Pelvic Organ Prolapse. Prolapse is a common condition. Although predominantly found in older patients, women in their 20’s and 30’s are also frequently seen and treated for this condition as well. As many as 50% of women who have children will have some type of prolapse in their lifetime. Prolapse may be symptom-free or it may cause a great deal of discomfort and distress.

Prolapse may be referred to by numerous names, including uterine prolapse, vaginal prolapse, pelvic relaxation, cystocele, rectocele, and enterocele. These different types of prolapse are divided into three categories according to the part of the vagina they affect: front wall, back wall or top of the vagina. It is not uncommon to have more than one type of prolapse.

Click on our Patient Info tab and go to the Anatomy section for a more detailed discussion of these terms.

Fecal or bowel incontinence. Although not as frequent a complaint as urinary incontinence or prolapse, fecal incontinence is still a common condition affecting over 20 million people (~7% of the U.S. population). Although it is more common in older patients, women as young as their 20’s can suffer with this problem. Symptoms can include occasional or frequent involuntary loss of gas, liquid or solid stool (feces). Patients may subsequently seek social isolation and can be left feeling self-conscious and embarrassed. However, this is a treatable condition with potentially good results through either non-invasive or invasive treatments.

Therapeutic options available to patients are, in part, dependant on the results of testing that is done by colorectal specialists whom we work closely with in the Texas Medical Center Area. During your office visit with us, we will ask you questions about fecal incontinence to help us determine if a consultation with a colorectal specialist would be an important part of our care plan with you.

Minimizing risk factors for prolapse and incontinence. Below are some suggested methods to potentially diminish your risk for prolapse and incontinence.

  • Pelvic floor muscle exercises - When performed correctly. Often performed incorrectly due to a lack of proper education and direct training, patients may not receive the benefit the exercise potentially offers. Talk with your doctor and confirm you are using the right muscles the right way so this exercise can help you.

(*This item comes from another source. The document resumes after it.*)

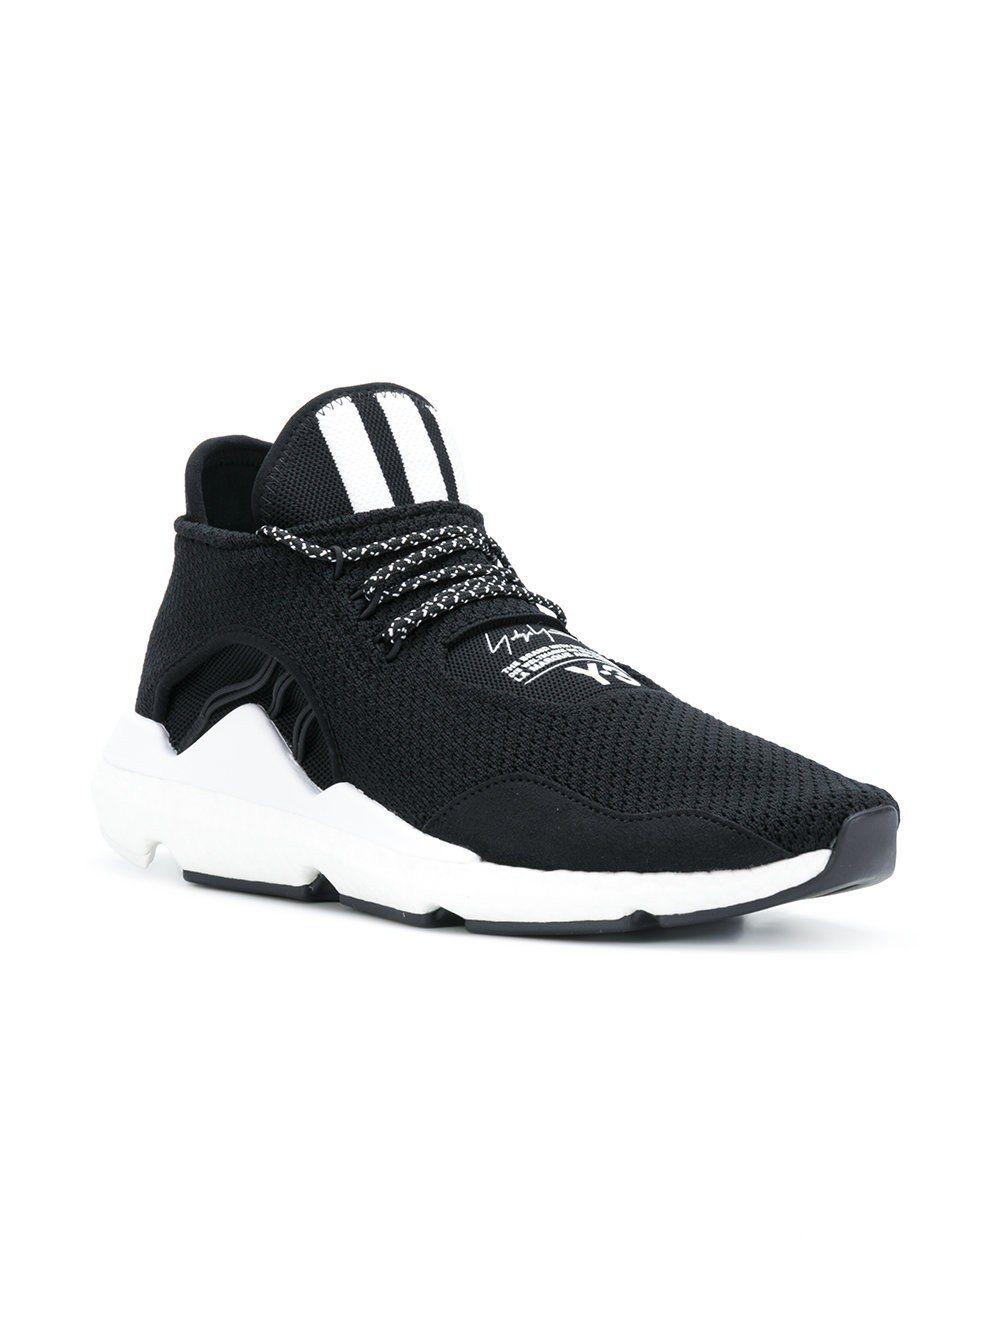 White Saikou sneakers Yohji Yamamoto Eap2VL5Gn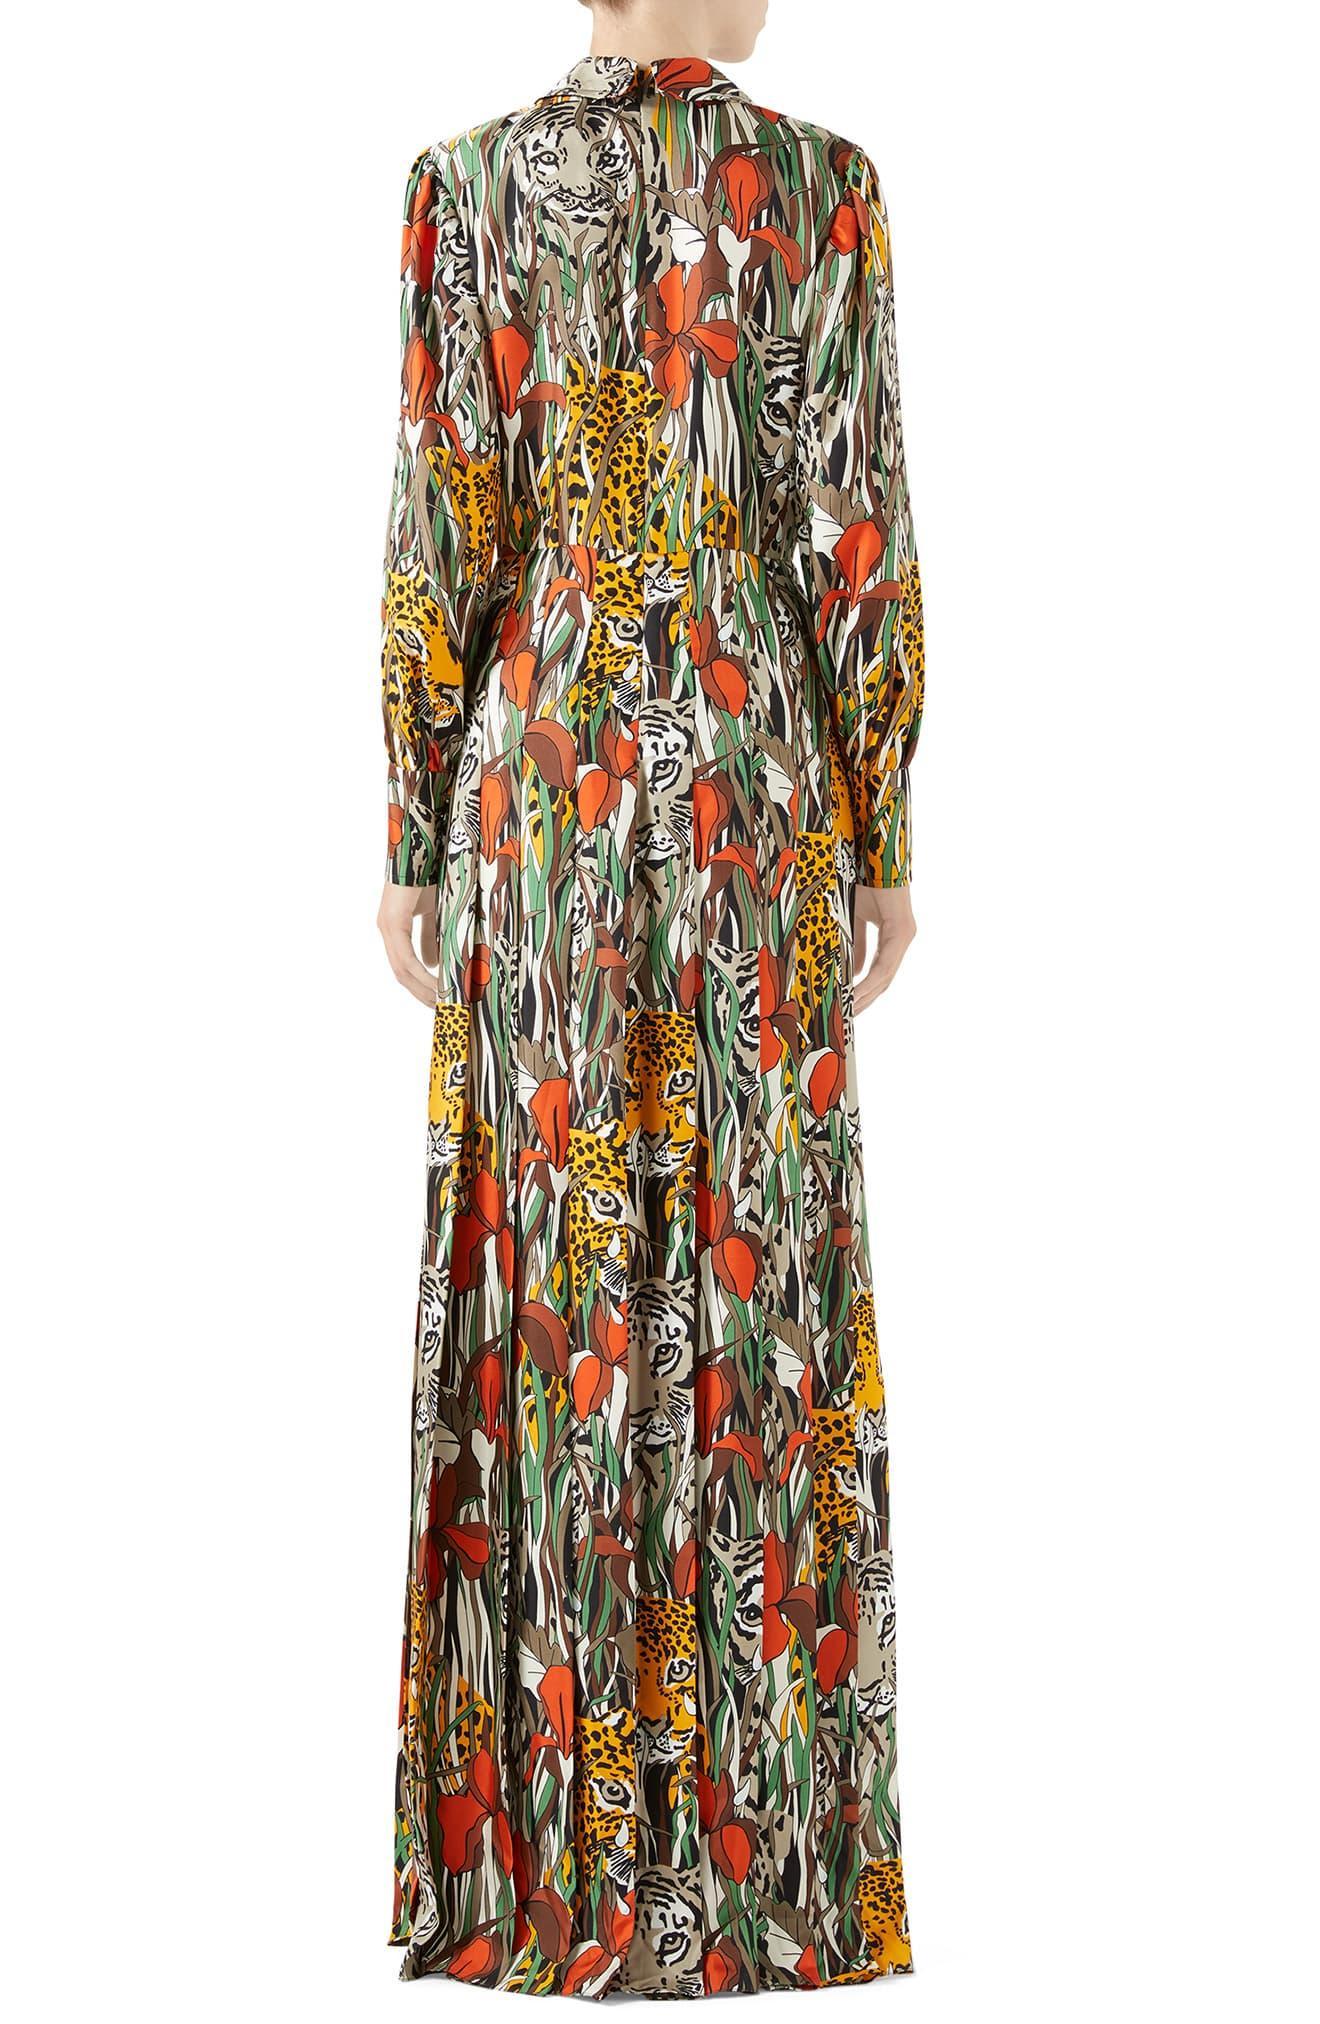 dd9f8fecacca Gucci - Multicolor Feline Garden Print Long Sleeve Silk Dress - Lyst. View  fullscreen

  • Obesity - Work to lose excess weight. If you’re at your ideal weight, work to maintain it.

  • Excessive straining - Avoid heavy lifting (usually the weight where you are straining).

  • Exercising - Focus on exercises that minimize the downward forces of gravity, e.g., swimming over gymnastics

  • Pulmonary disease - Quit smoking – it is a known irritant to the bladder and a primary cause of bladder cancer. If you have a chronic cough, seek treatment for it.

  • Bowel - Eat a high fiber, low fat diet and stay hydrated to avoid constipation.